Distrust of news keeps pandemic spreading

Jennifer Aniston shared a personal decision to stop talking with family and loved ones who refuse to get the Covid-19 vaccine, virtually writing them off.  For months she has tried to convince people about whom she cares to get the shot but to no avail.  She’s stood strong on her conviction that the vaccine prevents the new virus from spreading and in turn fewer people will catch it, end up in the hospital or even die from the disease.  But no more begging for the celebrity and well-known actress of Friends.  She’s tired of the illogical circular arguments and heated fights, each side trying to convince the other whose truth is the real truth—dealing with people who distrust substantiated news based on nothing but the facts and instead stubbornly prefer media whose purpose is not to objectively report the news but to promote and foster conservative politics.

I know exactly how she feels.

Since the Covid-19 vaccine, every week I have asked my parents if they’ve gotten it yet.  I am saddened to find their mindset remains with tens of millions of Americans who refuse and reject the vaccine, proclaiming their independence from a government mandate. My elderly parents have no intention of getting the Covid-19 vaccine.  Out of the blue, they simply do not believe in this vaccine, remaining highly suspicious of one that was developed at lightning speed and miraculously has effectively kept the vast majority of vaccinated from getting the virus and dying from it.

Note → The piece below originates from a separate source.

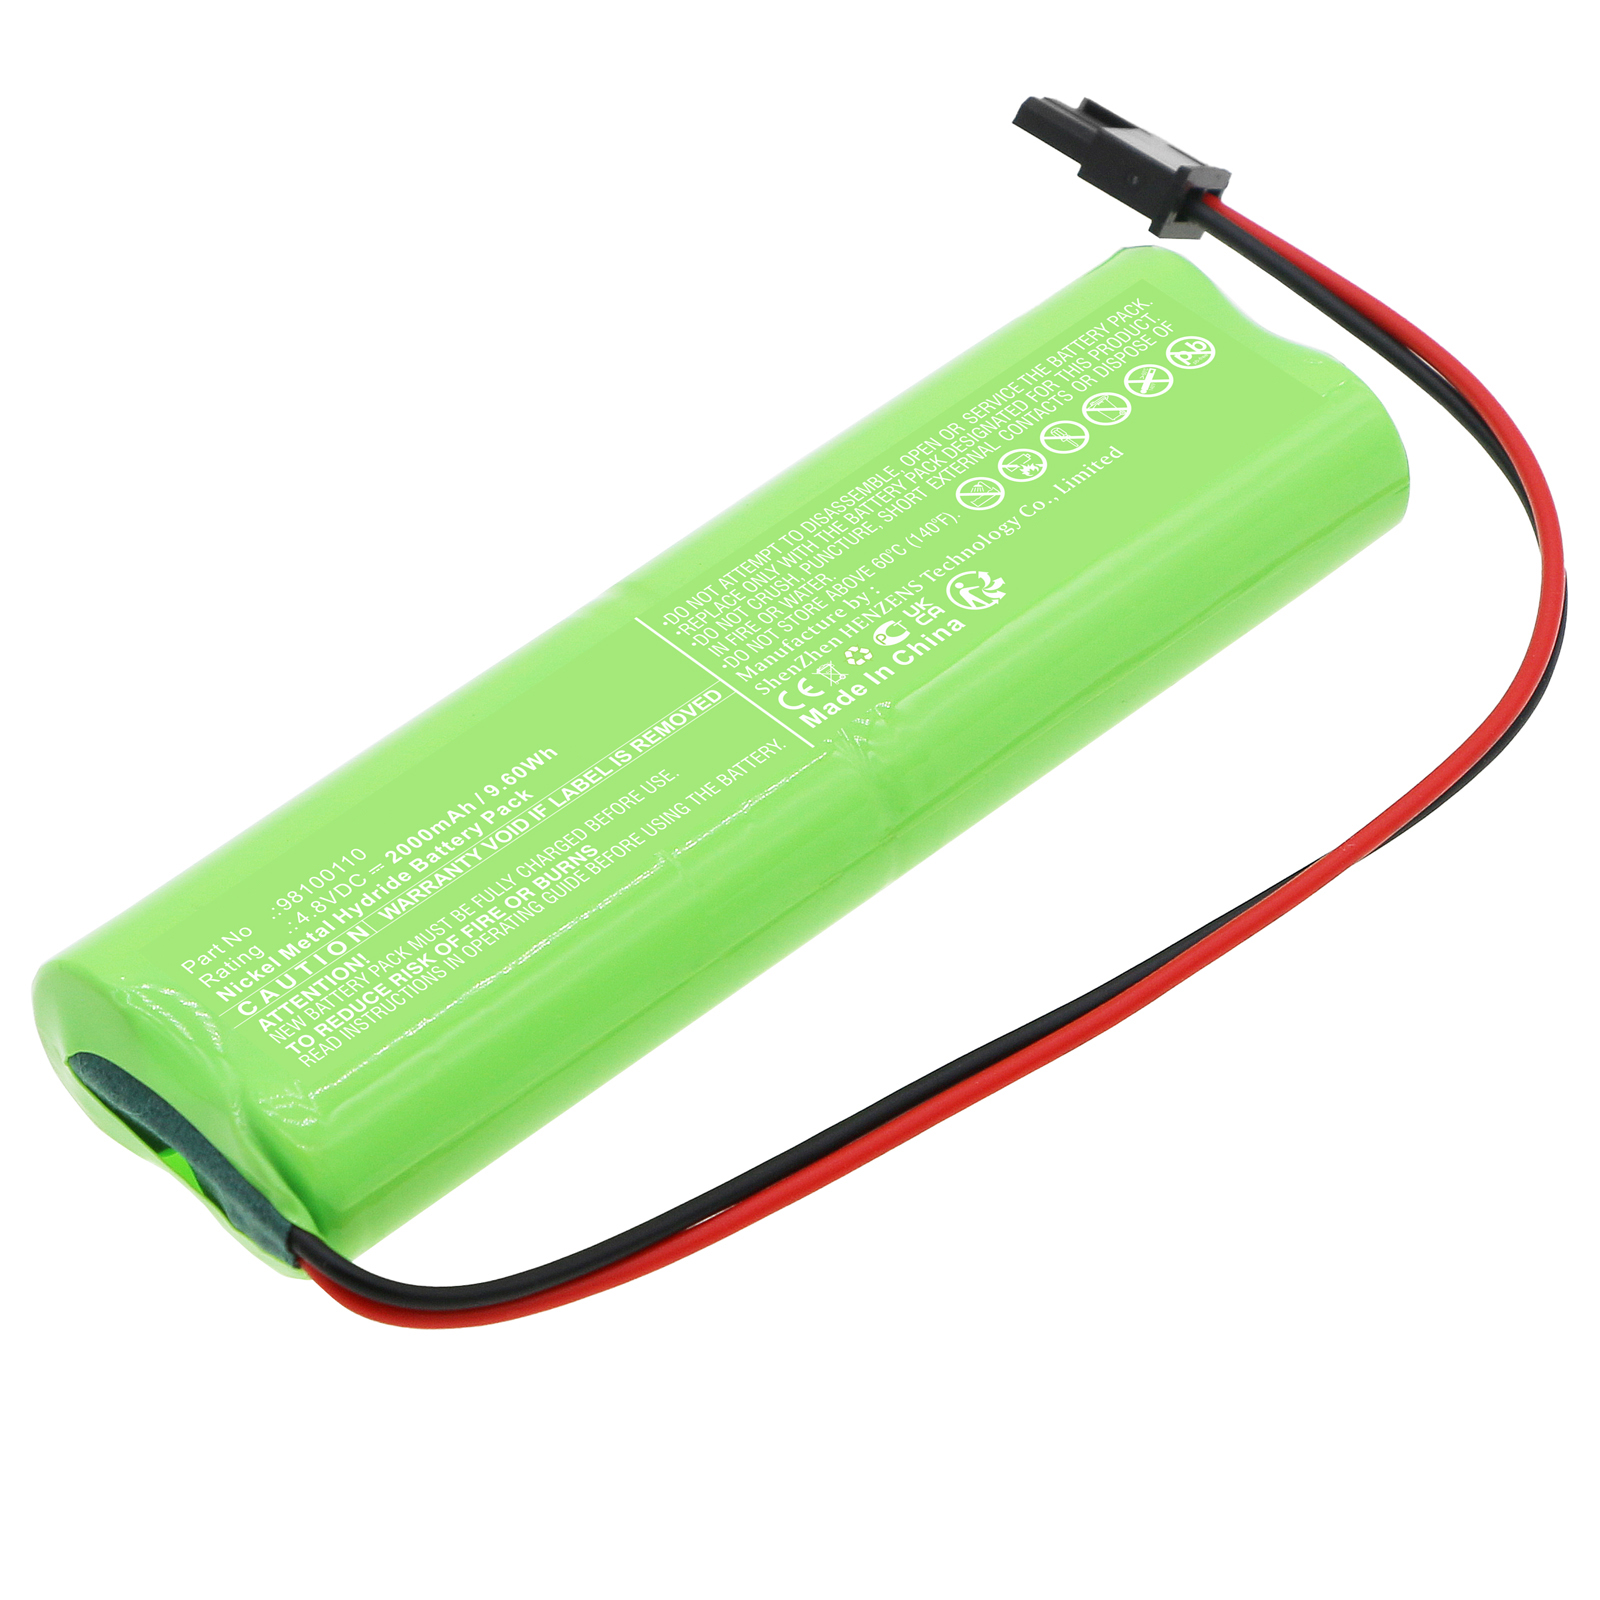 Synergy Digital Emergency Lighting Battery, Compatible with Inotec 98100110 Emergency Lighting Battery (Ni-MH, 4.8V, 2000mAh)

Counting flowers on the wall

These are the same parents who during my childhood in the 1960s and ’70s made sure their children were up to date on all recommended immunizations.  There was no debate or question about it.  Vaccines were universally accepted.  Parents didn’t have time to research every single childhood immunization.  Schools insisted parents keep their children’s immunization records up to date.  It was very serious business dealt every year before school started.  In those days, too, there was no internet—although concerned parents could go to the library and research the science behind immunizations against a host of once deadly and miserable childhood diseases they faced and more likely their parents contracted.  My grandmother talked about surviving yellow fever circa 1910.  She was deathly ill for close to a year and lost all her hair.  Somehow she survived, and in time her hair grew back.

My parents had practically every childhood disease of the first half of the 20th century.  Vaccines were unheard of.  They also could have contracted polio but fortunately for them, they didn’t.

The people who raised me understood vaccines, the science, the urgency, the importance, and therefore ensured the best modern medicine for my healthy childhood.  I didn’t realize it as I do now: My parents provided those vaccines out of love for their children.  Throughout the years, my parents were the type to get the annual flu vaccine and got the pneumonia vaccine when it was developed.

But that’s not who they are anymore.

It’s like invasion of the body snatchers.  Something’s infiltrated their brains, their once reasonable thinking.  And since they refuse to have a computer and the internet and do not subscribe to news journals or newspapers, all the information they know about Covid-19 and the vaccine come from one source: Fox.  I won’t call it news because it’s not a news business.  Look it up.  It’s a conservative broadcast media network, specifically created to present news with a sharp political viewpoint, right of center.  It literally was founded to counter the mainstream news for perceived hippie leftist pro-Democrat bias. The number of Americans who refuse the Covid-19 vaccine equal the same number of Fox fans and more than likely the same number who did not vote for President Biden. 

And that’s the way it is

Just a few decades ago, we all got the same news even if covered by three different networks, dozens of major daily newspapers and radio stations and analyzed by monthly and weekly periodicals.  The news was fact based, substantiated, serious, no kidding, sobering—and most importantly real.

Today with the internet’s plethora of ‘enter-newsment’ or ‘newsertainment’—stories that are not journalism and play fast and loose with the facts, if even that—half the country has become brain dead.  They only read, hear and see what they want.  And if the internet’s unregulated array of dubious news sources doesn’t reach everyone, Fox cable does.  The format is nothing but Republican political opinion presented by the most attractive talking heads on the air.  The other 24-hour cable news networks also are mostly political opinion but presented from real-deal reporters in a calm level-headed manner. That’s a welcome difference to me.

But Fox knows a lot of people prefer emotional appeal on every subject nowadays.  How this century’s pandemic and vaccine have become an angry American political grudge match that has stressed and split families, friends and colleagues, not to mention doctors and their patients, beats me.  I suspect the uproar is from trusting the wrong media: the one that routinely plays on human emotions like fear, confusion, distrust, anger, impatience, jealousy, prejudice and hate.  Swirl in ignorance, and we all will remain in this real and deadly health crisis for a long time.  The problem is millions of Americans think they are smarter than doctors, scientists, public health experts, pharmacists, biologists and virologists.  And they all trust the same source for their information.  Their defense against the vaccine is ‘This is America’ and they can believe anything they want.  It’s dumbfounded.